Middle tier servicers, mostly banks, have left the market mostly due to their capital constraints but also because of the volatility of the MSR asset relative to their ability to apply effective risk management strategies to mitigate that risk. Small servicers have not shown the financial strength to purchase multiple bulk portfolios over an extended period of time, especially with the lack of warehouse lending available and Fannie Mae’s new capital requirements which have drained excess cash.
On a positive note, there are several new entrants into the MSR market, mostly from the high touch servicing sector. The market is hopeful that they will provide some level of sustained demand that will help stabilize and eventually increase MSR values.
2) There is continued lack of demand for portfolios under $10 Billion for several reasons.
>Large servicers have no need to purchase blocks of seasoned servicing when they are originating $10-20 Billion a month of very clean, low note rate servicing under much tighter underwriting standards then seasoned product.
>Counter party risk has come to the forefront of the decision process on any large MSR acquisition due to the increase in Fannie Mae’s and Freddie Mac’s put-back activities. This dynamic will continue to shape the MSR market environment for the foreseeable future.

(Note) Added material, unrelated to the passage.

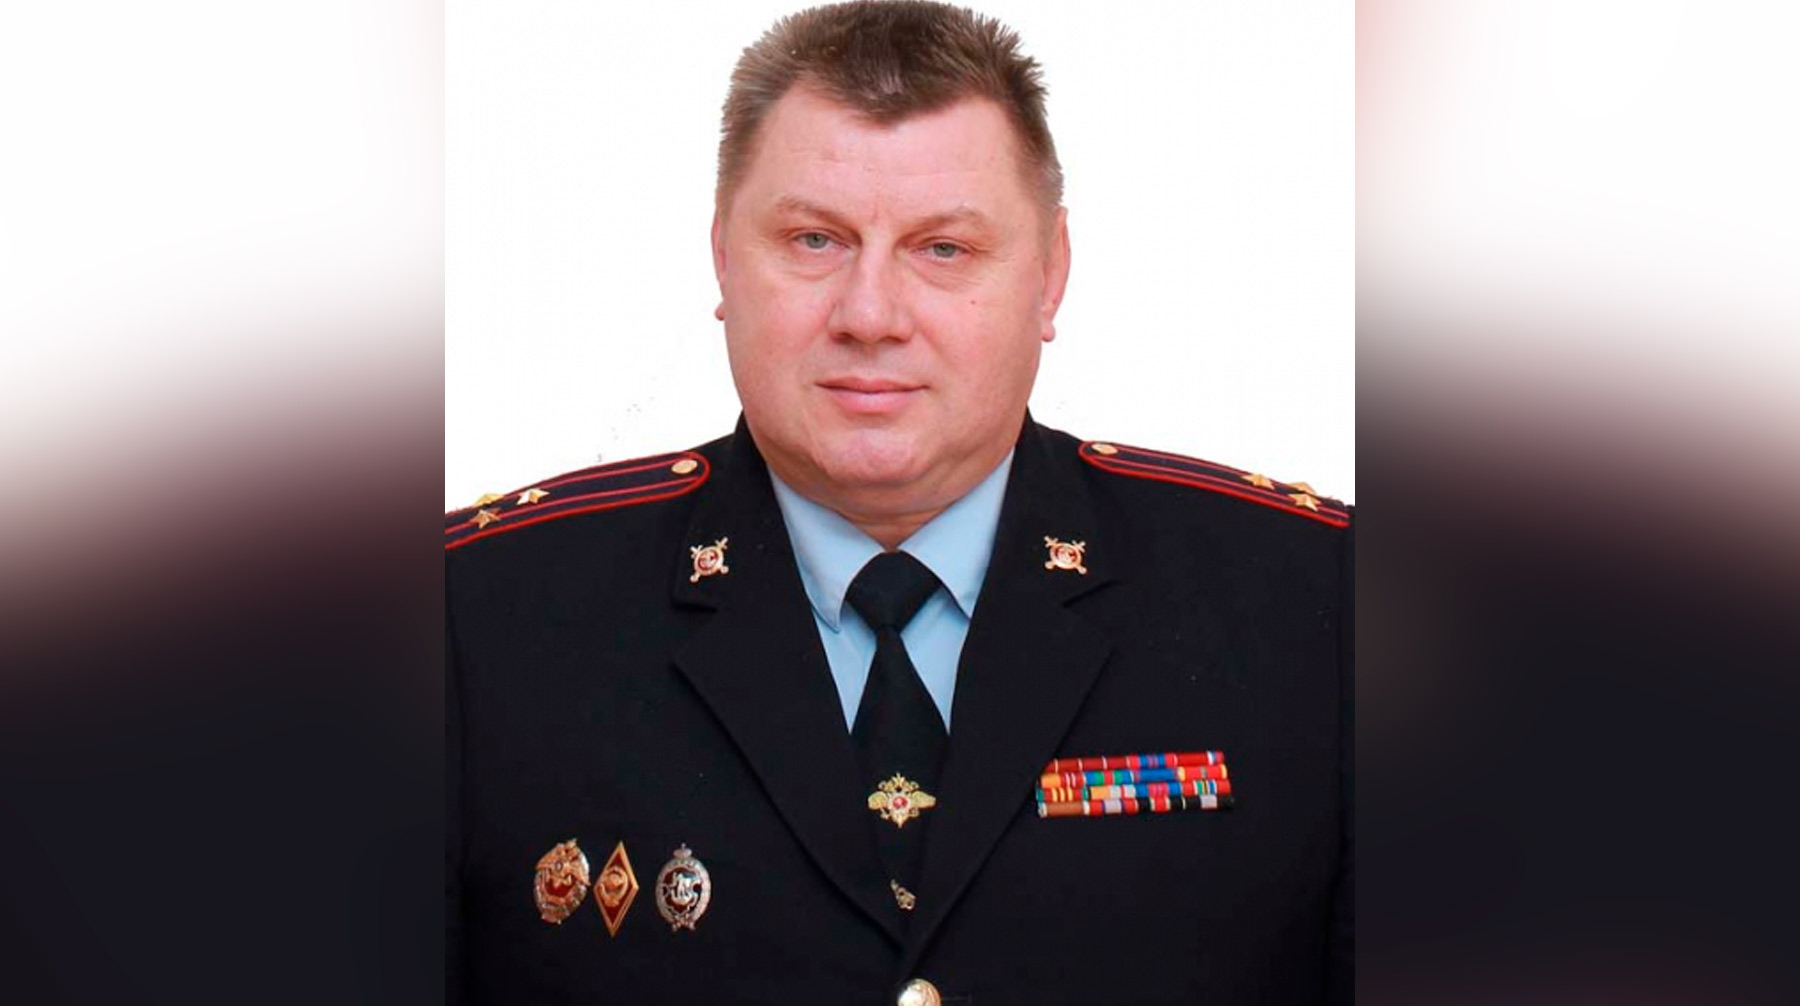 Хренов игорь николаевич тула полиция фото

>Headline Risk – Despite being in the midst of one of the best buyer markets in history, many MSR buyers remain fearful of making “The Big Decision”. One bad decision can leave a lasting effect and few buyers are willing to put their jobs on the line, no matter how attractive a deal may seem.
Conclusion:
Why buy servicing? From MIAC’s perspective, we believe the prices for Agency servicing have dropped to very attractive s relative to the risk profile of the asset class. We also believe the economics (forecasted cash flows) of MSRs are intrinsically worth more than current market values due to supply/demand dynamics and an overly risk-sensitive market. For high touch servicing operations with strong advance funding capabilities, the higher touch MSRs, like Non Agency and certain Ginnie Mae collateral pools, may represent very attractive yields relative to other Agency classes.